I doubt it will surprise anyone that in Allegiant (directed by Robert Schwentke; Summit, March 2016; PG-13), the third adaptation in the trilogy — no, wait, the first part of the two-part adaptation of the third book in the trilogy — more things explode.

That probably doesn’t count as a spoiler, but it’s almost impossible to say more about this movie without some spoilers for the series as a whole. I’ll try to keep the spoilers for this installment, at least, as vague as possible.

The conclusions, two-part or otherwise, of dystopian or post-apocalyptic stories often find themselves in an odd position. Divergent, like many series-starters in the genre, kept readers turning pages and moviegoers sitting on the edge of their seats by raising questions. What’s the purpose of the city’s factions? What really happened to District 13? What’s beyond the city wall? Insurgent, for all its flaws, had a perfect cliffhanger ending: it was finally time to answer that last question, and probably some related questions along with it.

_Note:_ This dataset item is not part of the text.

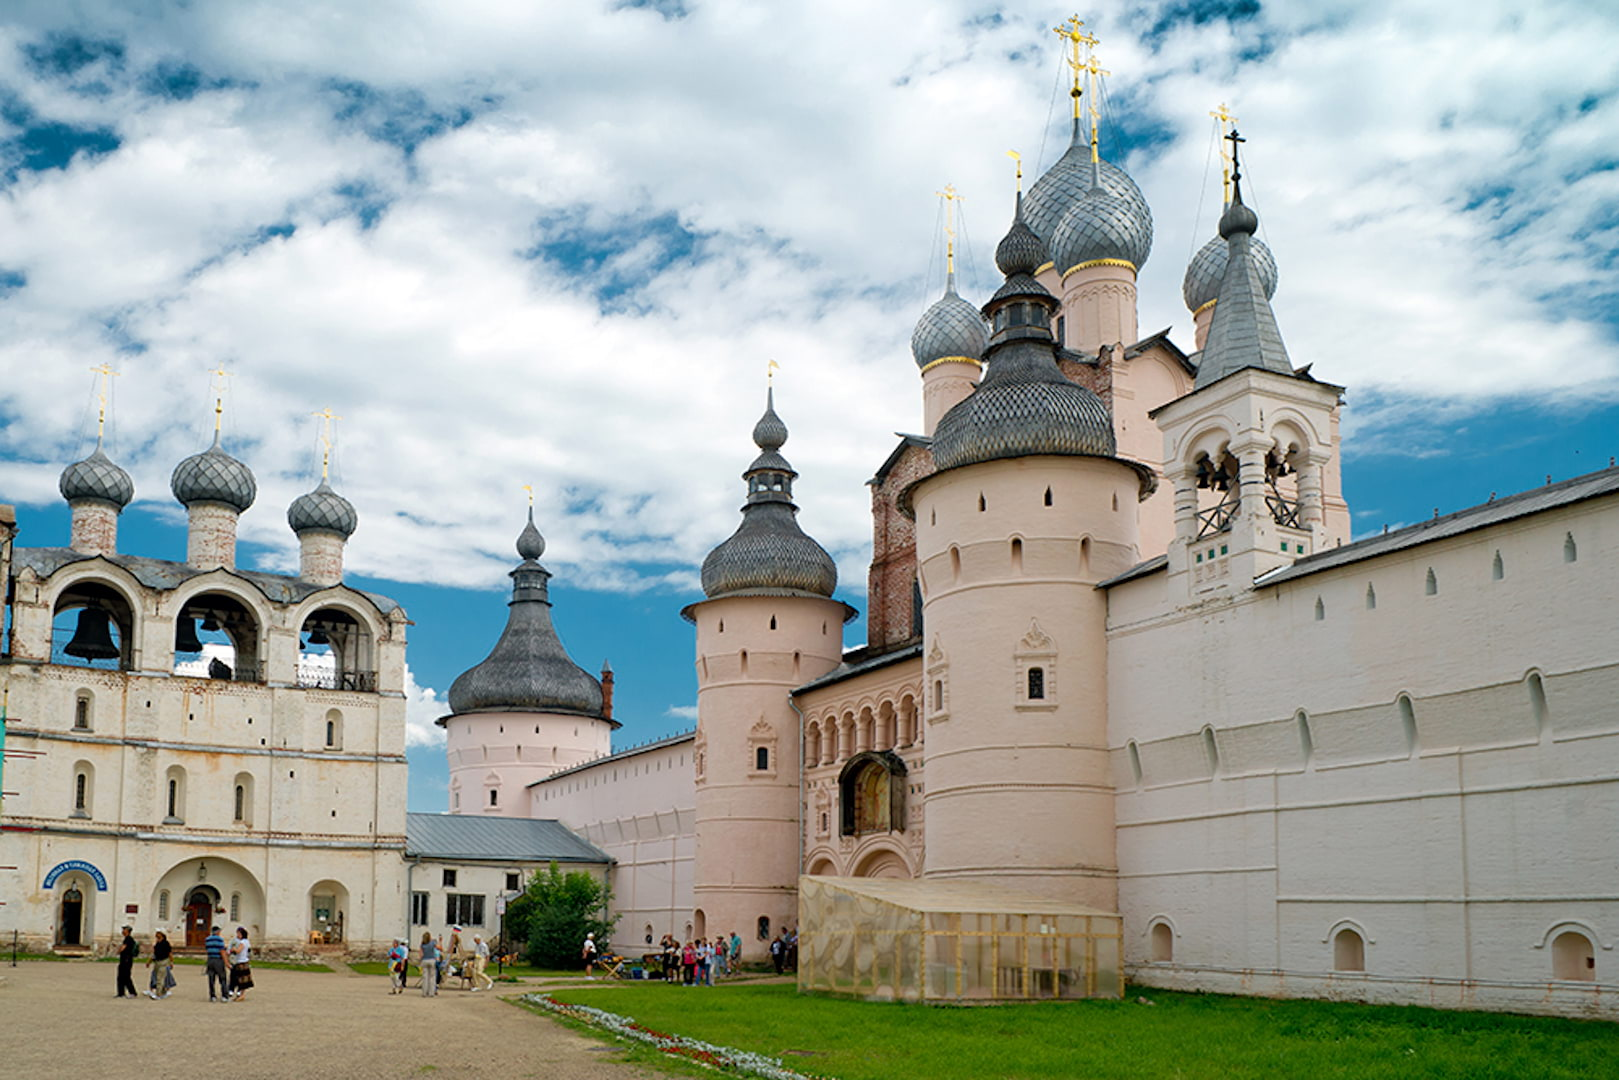 Фото храма в России

Allegiant’s job, then, is to provide answers and hope they’re as satisfying as the mysteries were tantalizing.

To the books’ credit, the answers are original; they build on issues from our world, but they’re the Divergent universe’s own (occasional logical holes and all). But the book does a better, more thorough job than the movie of explaining how humanity got from point A (our present) to point B (Tris and co.’s future). The movie has more cinematic priorities, like getting to the parts where no one trusts anyone else and everything’s hi-tech and shiny. (And sometimes hi-tech and goofy. Did you know that in the future, you can be decontaminated by goop reminiscent of Nickelodeon slime that will make you make weird screamy-faces? Neither did I.)

A lot happens in Allegiant, the book. Not all of it happens in Allegiant, part one of the movie. But a story arc does happen, including events from both halves of the novel. I’m not sure what’s left for Ascendant, the conclusion of the conclusion, other than one key event that those who’ve read the book can probably surmise. Of course, they’ll have to sort-of-explain all that backstory all over again, so there’s that.

The cast does a valiant job, from the always-likable Shailene Woodley as Tris to the hilariously smug Miles Teller as Peter. Octavia Spencer is pissed off but poised as Johanna, the former head of the peaceful Amity faction who’s reached the end of her patience. Ansel Elgort is appropriately doofy as Caleb, an intellectual from the Erudite faction who suddenly has to do dangerous things he’s only read about. Jeff Daniels as David is as patronizing as David should be when he’s telling Tris…but now we’re verging on too spoilery. Let’s just say he’s patronizing whenever he tells Tris anything.

Allegiant is a chance to revisit the characters who are left standing and watch them deal with situations completely new to them. The book has some big reveals that shed major light on the previous installments; the movie has not-quite-as-clear versions of the same revelations. The movie manages to structure about half the events of the book so that there’s excitement, adventure, and, as I said above, a story arc. It just could’ve been a drop longer and completed that story.

But then the box office numbers for the franchise wouldn’t be quite so Ascendant.

Shoshana Flax About Shoshana Flax

Shoshana Flax, assistant editor for The Horn Book, Inc., is a former bookseller and holds an MFA in Writing for Children from Simmons College.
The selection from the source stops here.